Why can't my existing security tools see the agent framework layer?

Because the framework is an artifact inside a process your tools already trust, and its dangerous actions look ordinary. When a LangChain load() call deserializes an attacker's object in CVE-2026-44843, EDR sees a normal Python process. When MLflow serves a model and shells out in CVE-2026-0596, the network sees traffic to a service you deployed. When Gradio makes a caller-steered request in CVE-2026-28416, egress looks like the app doing its job. Network, EDR, and DLP see processes, ports, and connections, but not that the process is running a vulnerable framework version, or which agents route through it. That gap is an inventory of the AI artifact layer, which is what Anomity adds.

Is patching enough to secure AI agent frameworks?

Patching is necessary, but two gaps remain. First, coverage: frameworks are pip installed and spun up bottom-up without review, so you cannot patch what you never inventoried, and a data team's LlamaIndex build or a dev's Langflow flow may not be on any asset list. Second, timing: some flaws have no vendor fix at disclosure, and even a fixed release leaves a window where the old build is still running. The durable control is governing the framework call itself - allow, deny, or log at the agent hook before it runs - so an agent triggering an unsafe deserialization path, a code node, or an unapproved model-serving command is checked regardless of whether that framework is patched yet.

How is an AI agent framework different from an LLM gateway or an MCP server?

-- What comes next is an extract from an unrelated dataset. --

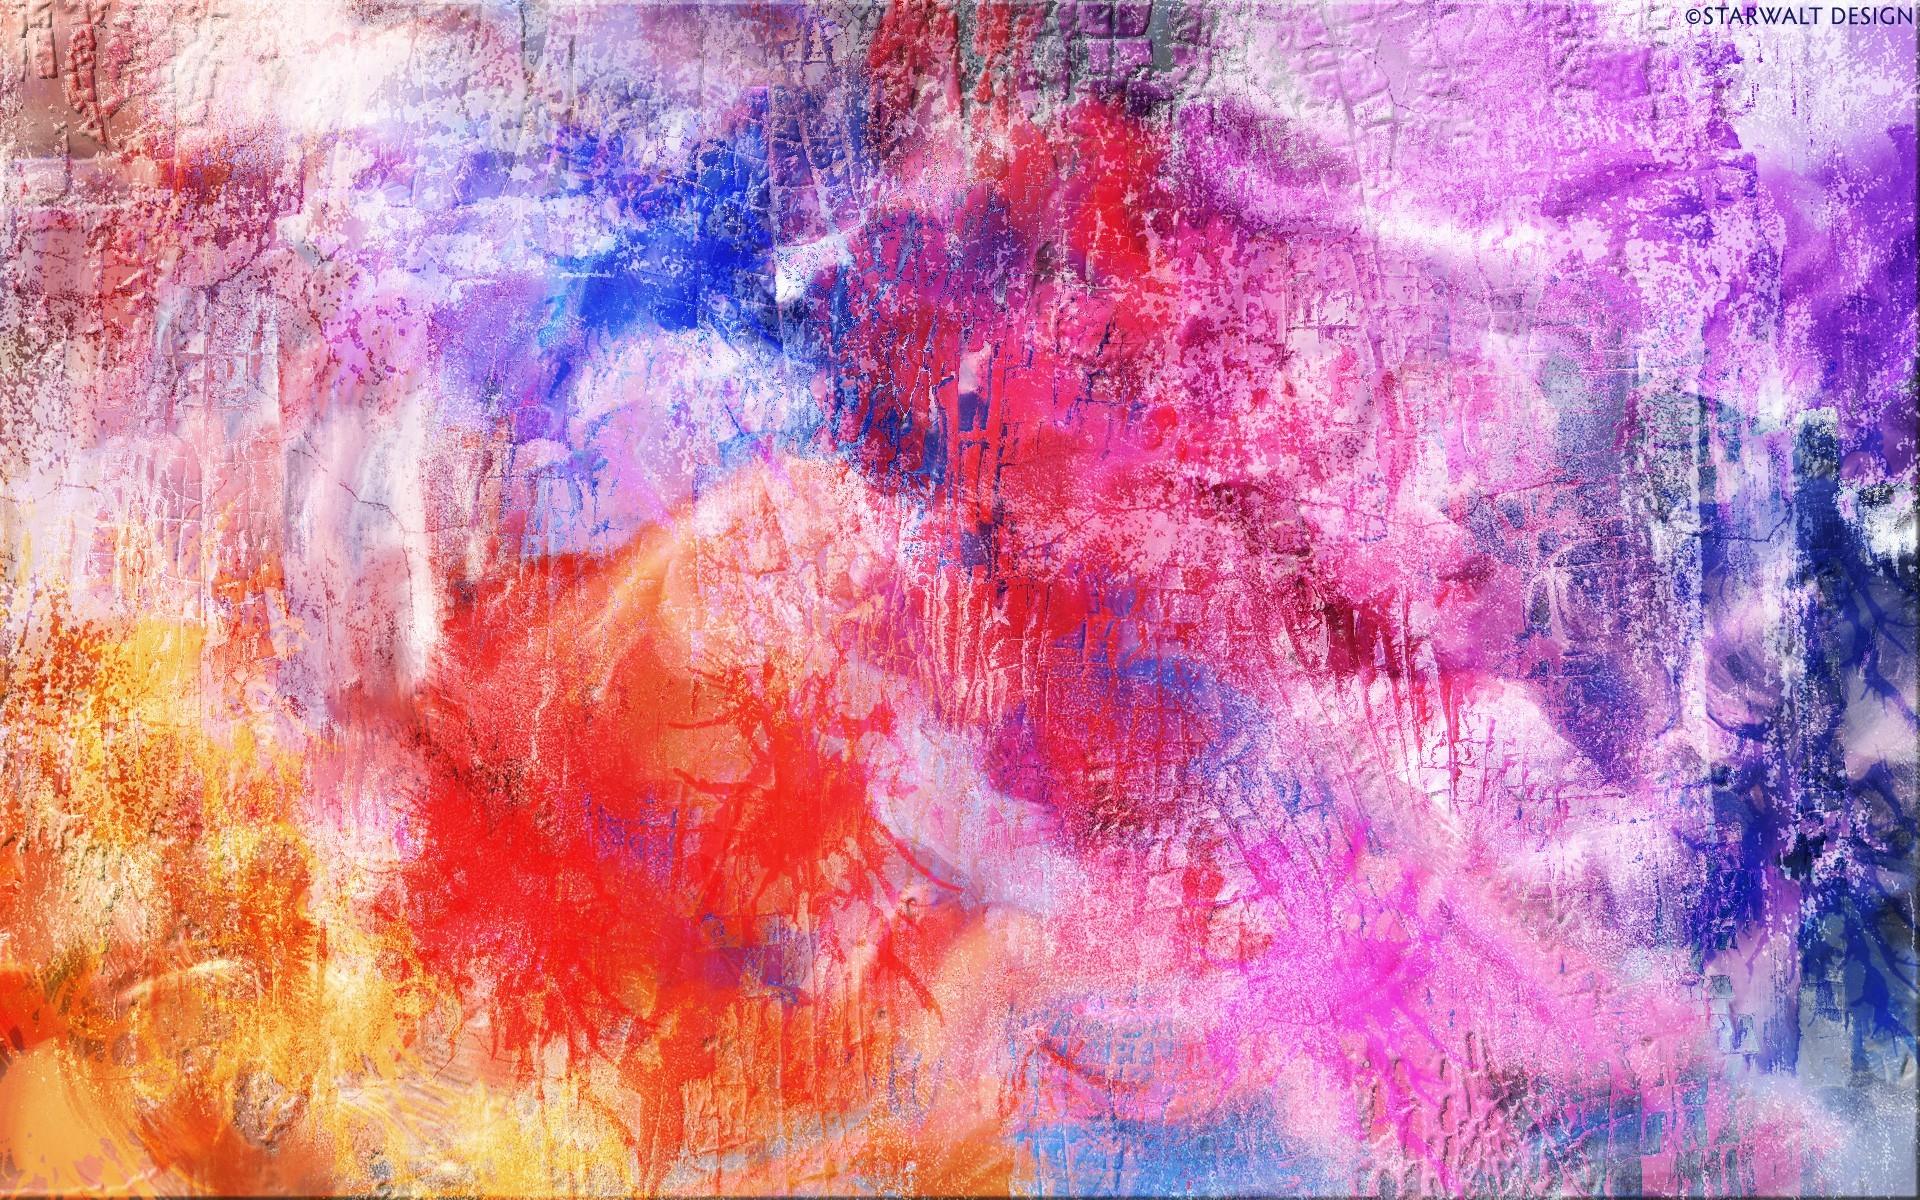 1920x1200 Abstract Digital Art wallpapers HD free - 562445 · Download · Modern ...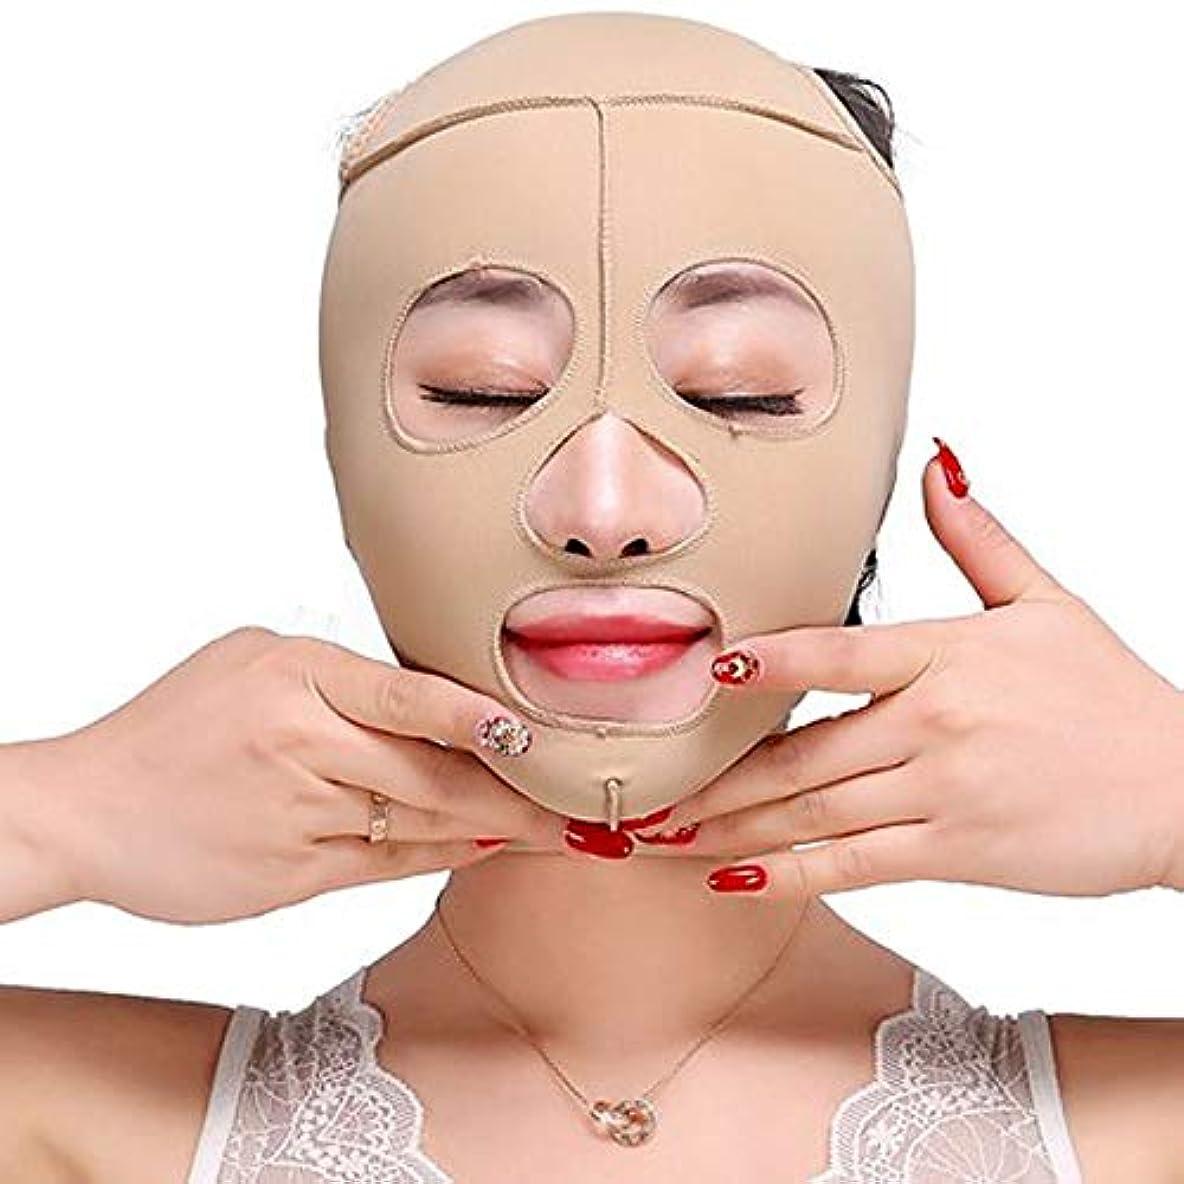 GLJJQMY フェイシャルリフティングフェイシャルVマスクダブルあご薄い顔包帯抗シワリフティングチークライン 顔用整形マスク (Size : M)

They are adjacent layers of the same agent. The framework is the orchestration layer - the chain-and-tool logic the agent is built on. An LLM gateway is the model-routing layer that framework calls out to for inference. An MCP server is the tool-and-data layer the framework invokes to act. An agent usually depends on all three, and all three arrive as AI artifacts on endpoints without review. The same allow/deny/log decision at the hook covers a framework's code node, a gateway's admin route, and an MCP server's tool call. For the model-routing half see the LLM gateway guide, and for the tool-and-data half see the MCP server guide; this guide covers the orchestration layer they sit around.

How do I find every AI agent framework running across my fleet?

You enumerate the AI artifact layer on every managed endpoint, not just the hosts you remember. That means scanning for the framework and its version - LangChain and langchain-core, LangGraph, LangSmith, LlamaIndex, Langflow, Flowise, Gradio, and MLflow - and the agents, CLIs, and MCP servers wired to each one. Network scans find what listens on a port today; they miss a library imported inside an app, a flow bound to localhost, or a framework baked into a container image. Anomity inventories AI agent frameworks among the eight AI artifact types it tracks per endpoint and records the installed version, so finding every install below a fixed release is a single query rather than a fleet sweep.

How does Anomity help secure AI agent frameworks specifically?

In three steps. Anomity inventories every AI agent framework on every managed endpoint as one of eight AI artifact types, capturing the exact version so you can find every install below a fixed release in one query, and the relationships to the agents and MCP servers around it. On agents that expose a hook, such as Claude Code PreToolUse, it evaluates each tool call against your policy and returns allow, deny, or log before the call runs, so a code node, an unsafe deserialization path, or a model-serving command is checked at the call boundary. Every install, version change, and decision lands in a queryable 90-day audit trail that routes to SIEM, Slack, email, or Jira. Anomity collects metadata only, redacts secrets on the endpoint, and is SOC 2 Type II.